Finkelstein also was connected with the successful New York campaigns of former U.S. Sen Al D'Amato and former Gov. George Pataki, along with working for North Carolina U. S. Sen Jesse Helms, Politico said.
"Without Arthur Finkelstein, Ronald Reagan might never have become president of the United States," the Post quoted Craig Shirley, a historian and Reagan biographer, who made the comment on the website of National Review magazine in January 2017.
The Post said Finkelstein, Roger Ailes, Lee Atwater, and Charlie Black were viewed as instrumental in shaping what became known as the Reagan Revolution.
He was 25 years old when he helped James Buckley, a registered member of New York's Conservative Party, win a six-person race for the Senate in 1970, the Post said.
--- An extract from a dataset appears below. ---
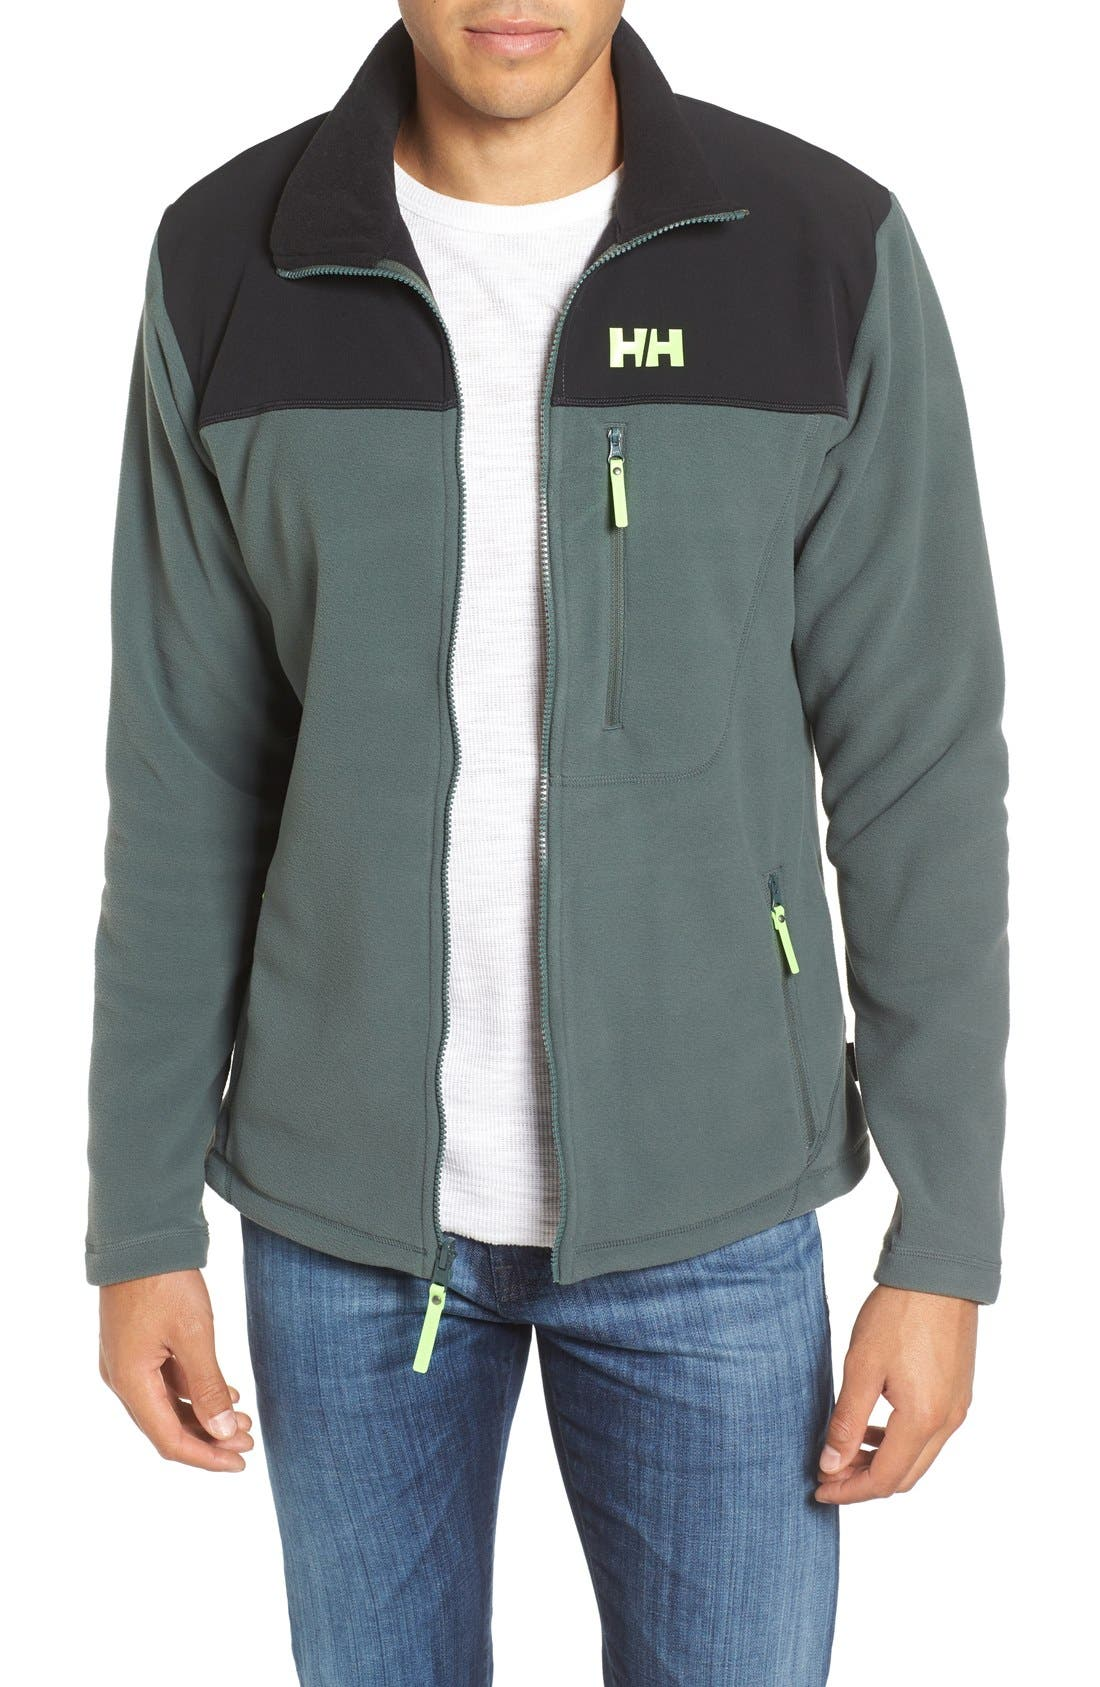 Main Image - Helly Hansen Sitka Fleece Jacket

He helped Helms become the first Republican elected to the Senate from North Carolina since the 19th century two years later, the Post said.
Politico said he also was involved in Nixon's 1972 campaign as well. Finkelstein was credited with bringing the word "liberal" into the political narrative against his opponents.
"Essentially he has dictated the message strategy for the Republican Party," Mandy Grunwald, a Democratic consultant told the Post in 1996. "I don't know a Senate race in the country where the Republican message isn't charging liberal, liberal, liberal."
The Post said Finkelstein helped mold "liberal" attacks that helped Florida Sen. Connie Mack beat Democrat Buddy MacKay in 1988, assisted D'Amato win reelection to Congress in 1992 and Pataki unseat Mario Cuomo, father of current governor Andrew Cuomo, in 1994.